# How to complete this task
Give back every line of the material exactly, as it appears below.

# Records shown
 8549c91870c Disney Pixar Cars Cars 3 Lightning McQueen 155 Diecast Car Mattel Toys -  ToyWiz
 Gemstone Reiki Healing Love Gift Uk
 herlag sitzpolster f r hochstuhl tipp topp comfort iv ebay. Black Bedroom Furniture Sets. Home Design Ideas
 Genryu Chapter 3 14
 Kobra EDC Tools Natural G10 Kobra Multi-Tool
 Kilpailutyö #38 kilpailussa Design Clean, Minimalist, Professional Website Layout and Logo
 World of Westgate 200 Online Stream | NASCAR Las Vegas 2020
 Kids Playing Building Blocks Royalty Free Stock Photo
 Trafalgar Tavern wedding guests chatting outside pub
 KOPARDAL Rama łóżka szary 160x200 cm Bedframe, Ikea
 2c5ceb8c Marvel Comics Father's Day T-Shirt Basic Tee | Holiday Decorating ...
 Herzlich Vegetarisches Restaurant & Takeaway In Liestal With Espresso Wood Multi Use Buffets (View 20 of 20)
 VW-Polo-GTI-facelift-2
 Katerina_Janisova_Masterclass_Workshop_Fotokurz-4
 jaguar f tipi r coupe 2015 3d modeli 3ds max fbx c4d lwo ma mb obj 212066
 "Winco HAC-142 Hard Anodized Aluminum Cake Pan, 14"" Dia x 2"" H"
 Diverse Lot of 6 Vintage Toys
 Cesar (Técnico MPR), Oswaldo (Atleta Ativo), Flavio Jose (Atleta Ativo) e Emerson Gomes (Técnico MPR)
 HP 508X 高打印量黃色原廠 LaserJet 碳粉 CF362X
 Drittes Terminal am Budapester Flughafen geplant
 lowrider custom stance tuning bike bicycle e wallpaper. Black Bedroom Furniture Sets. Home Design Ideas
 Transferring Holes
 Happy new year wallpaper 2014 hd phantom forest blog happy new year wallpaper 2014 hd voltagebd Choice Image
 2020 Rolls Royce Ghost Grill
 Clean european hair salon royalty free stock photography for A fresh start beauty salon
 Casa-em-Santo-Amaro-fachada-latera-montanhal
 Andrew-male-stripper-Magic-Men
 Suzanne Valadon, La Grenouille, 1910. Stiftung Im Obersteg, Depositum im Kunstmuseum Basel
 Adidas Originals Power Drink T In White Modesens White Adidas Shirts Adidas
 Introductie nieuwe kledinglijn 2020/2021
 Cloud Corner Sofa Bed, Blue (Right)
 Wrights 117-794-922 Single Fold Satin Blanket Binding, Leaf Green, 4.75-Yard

# Solution for this problem
 8549c91870c Disney Pixar Cars Cars 3 Lightning McQueen 155 Diecast Car Mattel Toys -  ToyWiz
 Gemstone Reiki Healing Love Gift Uk
 herlag sitzpolster f r hochstuhl tipp topp comfort iv ebay. Black Bedroom Furniture Sets. Home Design Ideas
 Genryu Chapter 3 14
 Kobra EDC Tools Natural G10 Kobra Multi-Tool
 Kilpailutyö #38 kilpailussa Design Clean, Minimalist, Professional Website Layout and Logo
 World of Westgate 200 Online Stream | NASCAR Las Vegas 2020
 Kids Playing Building Blocks Royalty Free Stock Photo
 Trafalgar Tavern wedding guests chatting outside pub
 KOPARDAL Rama łóżka szary 160x200 cm Bedframe, Ikea
 2c5ceb8c Marvel Comics Father's Day T-Shirt Basic Tee | Holiday Decorating ...
 Herzlich Vegetarisches Restaurant & Takeaway In Liestal With Espresso Wood Multi Use Buffets (View 20 of 20)
 VW-Polo-GTI-facelift-2
 Katerina_Janisova_Masterclass_Workshop_Fotokurz-4
 jaguar f tipi r coupe 2015 3d modeli 3ds max fbx c4d lwo ma mb obj 212066
 "Winco HAC-142 Hard Anodized Aluminum Cake Pan, 14"" Dia x 2"" H"
 Diverse Lot of 6 Vintage Toys
 Cesar (Técnico MPR), Oswaldo (Atleta Ativo), Flavio Jose (Atleta Ativo) e Emerson Gomes (Técnico MPR)
 HP 508X 高打印量黃色原廠 LaserJet 碳粉 CF362X
 Drittes Terminal am Budapester Flughafen geplant
 lowrider custom stance tuning bike bicycle e wallpaper. Black Bedroom Furniture Sets. Home Design Ideas
 Transferring Holes
 Happy new year wallpaper 2014 hd phantom forest blog happy new year wallpaper 2014 hd voltagebd Choice Image
 2020 Rolls Royce Ghost Grill
 Clean european hair salon royalty free stock photography for A fresh start beauty salon
 Casa-em-Santo-Amaro-fachada-latera-montanhal
 Andrew-male-stripper-Magic-Men
 Suzanne Valadon, La Grenouille, 1910. Stiftung Im Obersteg, Depositum im Kunstmuseum Basel
 Adidas Originals Power Drink T In White Modesens White Adidas Shirts Adidas
 Introductie nieuwe kledinglijn 2020/2021
 Cloud Corner Sofa Bed, Blue (Right)
 Wrights 117-794-922 Single Fold Satin Blanket Binding, Leaf Green, 4.75-Yard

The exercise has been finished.